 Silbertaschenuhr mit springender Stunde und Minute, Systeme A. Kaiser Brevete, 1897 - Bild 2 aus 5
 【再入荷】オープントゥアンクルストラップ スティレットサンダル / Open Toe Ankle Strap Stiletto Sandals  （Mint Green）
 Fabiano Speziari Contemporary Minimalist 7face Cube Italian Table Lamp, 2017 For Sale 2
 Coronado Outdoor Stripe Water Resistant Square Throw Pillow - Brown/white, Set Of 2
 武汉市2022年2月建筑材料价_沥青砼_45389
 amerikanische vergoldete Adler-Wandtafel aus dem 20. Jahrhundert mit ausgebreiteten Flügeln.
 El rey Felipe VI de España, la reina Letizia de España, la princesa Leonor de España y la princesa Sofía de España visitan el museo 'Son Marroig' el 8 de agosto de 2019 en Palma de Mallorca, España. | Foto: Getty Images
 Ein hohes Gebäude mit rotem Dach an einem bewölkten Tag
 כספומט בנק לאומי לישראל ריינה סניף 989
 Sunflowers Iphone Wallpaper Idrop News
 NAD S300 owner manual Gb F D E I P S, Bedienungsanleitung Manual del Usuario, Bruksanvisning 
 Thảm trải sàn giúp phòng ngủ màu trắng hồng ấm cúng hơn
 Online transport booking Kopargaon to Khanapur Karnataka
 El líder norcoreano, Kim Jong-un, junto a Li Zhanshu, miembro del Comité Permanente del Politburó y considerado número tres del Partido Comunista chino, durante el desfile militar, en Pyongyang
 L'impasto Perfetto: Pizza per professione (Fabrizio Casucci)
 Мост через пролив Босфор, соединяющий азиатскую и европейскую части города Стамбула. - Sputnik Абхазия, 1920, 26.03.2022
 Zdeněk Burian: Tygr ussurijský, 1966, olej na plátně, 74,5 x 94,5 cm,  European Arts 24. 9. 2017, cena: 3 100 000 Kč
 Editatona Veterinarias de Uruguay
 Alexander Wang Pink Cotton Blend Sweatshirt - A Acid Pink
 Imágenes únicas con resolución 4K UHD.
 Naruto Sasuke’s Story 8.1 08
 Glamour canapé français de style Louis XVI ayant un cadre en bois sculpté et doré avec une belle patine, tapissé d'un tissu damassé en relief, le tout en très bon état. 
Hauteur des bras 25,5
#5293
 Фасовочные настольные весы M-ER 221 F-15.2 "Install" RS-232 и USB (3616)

· · · · ·

◆ PROMPT ◆
All of the entries should be written out again exactly.

◆ COMPLETED EXERCISE ◆
 Silbertaschenuhr mit springender Stunde und Minute, Systeme A. Kaiser Brevete, 1897 - Bild 2 aus 5
 【再入荷】オープントゥアンクルストラップ スティレットサンダル / Open Toe Ankle Strap Stiletto Sandals  （Mint Green）
 Fabiano Speziari Contemporary Minimalist 7face Cube Italian Table Lamp, 2017 For Sale 2
 Coronado Outdoor Stripe Water Resistant Square Throw Pillow - Brown/white, Set Of 2
 武汉市2022年2月建筑材料价_沥青砼_45389
 amerikanische vergoldete Adler-Wandtafel aus dem 20. Jahrhundert mit ausgebreiteten Flügeln.
 El rey Felipe VI de España, la reina Letizia de España, la princesa Leonor de España y la princesa Sofía de España visitan el museo 'Son Marroig' el 8 de agosto de 2019 en Palma de Mallorca, España. | Foto: Getty Images
 Ein hohes Gebäude mit rotem Dach an einem bewölkten Tag
 כספומט בנק לאומי לישראל ריינה סניף 989
 Sunflowers Iphone Wallpaper Idrop News
 NAD S300 owner manual Gb F D E I P S, Bedienungsanleitung Manual del Usuario, Bruksanvisning 
 Thảm trải sàn giúp phòng ngủ màu trắng hồng ấm cúng hơn
 Online transport booking Kopargaon to Khanapur Karnataka
 El líder norcoreano, Kim Jong-un, junto a Li Zhanshu, miembro del Comité Permanente del Politburó y considerado número tres del Partido Comunista chino, durante el desfile militar, en Pyongyang
 L'impasto Perfetto: Pizza per professione (Fabrizio Casucci)
 Мост через пролив Босфор, соединяющий азиатскую и европейскую части города Стамбула. - Sputnik Абхазия, 1920, 26.03.2022
 Zdeněk Burian: Tygr ussurijský, 1966, olej na plátně, 74,5 x 94,5 cm,  European Arts 24. 9. 2017, cena: 3 100 000 Kč
 Editatona Veterinarias de Uruguay
 Alexander Wang Pink Cotton Blend Sweatshirt - A Acid Pink
 Imágenes únicas con resolución 4K UHD.
 Naruto Sasuke’s Story 8.1 08
 Glamour canapé français de style Louis XVI ayant un cadre en bois sculpté et doré avec une belle patine, tapissé d'un tissu damassé en relief, le tout en très bon état. 
Hauteur des bras 25,5
#5293
 Фасовочные настольные весы M-ER 221 F-15.2 "Install" RS-232 и USB (3616)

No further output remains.